Она склонила голову набок. Я успел рассмотреть, что она очень привлекательна и на несколько лет старше, чем мне сперва показалось. Скорее, тридцать с хвостиком. На ней были джинсы в обтяжку и мужская белая рубашка к вечернему костюму. Каштановые волосы забраны в конский хвост, что и делало ее на первый взгляд чуть помоложе.
– Тревожные звуки.
– Тревожные?
– Не нахожу другого слова, чтобы их описать. Ар-р-р-р-р – вот так приблизительно.
– Ар-р-р-р-р?
– Да, но скорее так: ар-р-р-р-р, будто пытаетесь выдавить слово, когда вас душат.
– О-о.
– И вы произнесли это несколько раз. А еще один раз воскликнули «о господи!» – словно в ужасе.
– Да, – признался я, – вспоминаю, что я мысленно произносил и «ар-р-р-р-р», и «о господи», но даже не подозревал, что делаю это вслух.
– Понятно.
Но я был уверен, что ей ничего не понятно. Она по-прежнему разглядывала меня с любопытством психиатра и была, на мой взгляд, слишком привлекательна, чтобы я мог позволить ей думать, что у меня не все дома.
– Вот, – сказал я, протягивая ей книгу. – Прочитайте этот абзац.
– Прочитать?
– Пожалуйста.
– Ну что ж. – Она прокашлялась. – «На Амазонке, если вам, скажем, придется слишком много выпить и вы по небрежности решите во время купания облегчить мочевой пузырь, любая бездомная кандиру…» Кандиру?
Я кивнул.

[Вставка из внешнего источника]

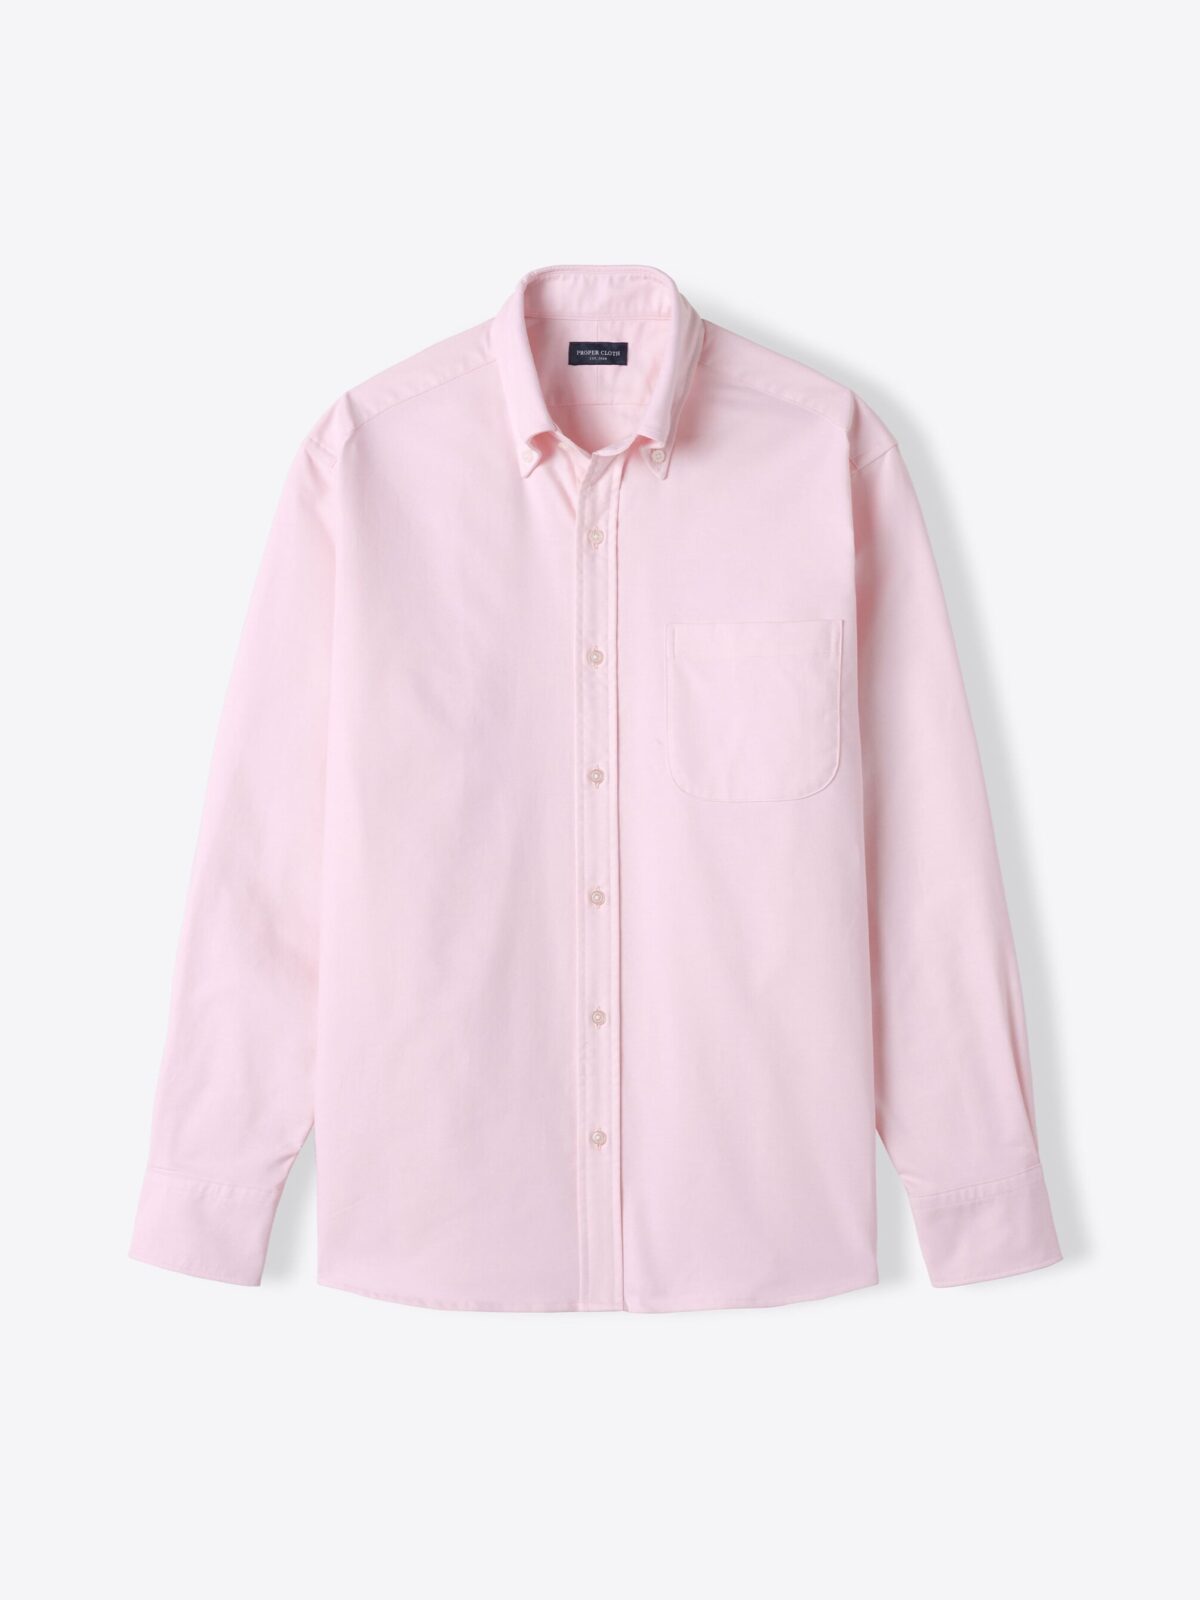 Thomas Mason Pink Premium Oxford Cloth Shirt by Proper Cloth

Я полагал, что она прочтет этот абзац про себя, не вслух, но не смог придумать, как бы поизящнее ей это предложить. К тому же оказалось, что она хорошо читает – с чувством, с выражением. Мои прочие посетители, уже встревоженные теми звуками, которые я издавал, и нашей последующей беседой, как по команде прекратили свои занятия и обратились в слух.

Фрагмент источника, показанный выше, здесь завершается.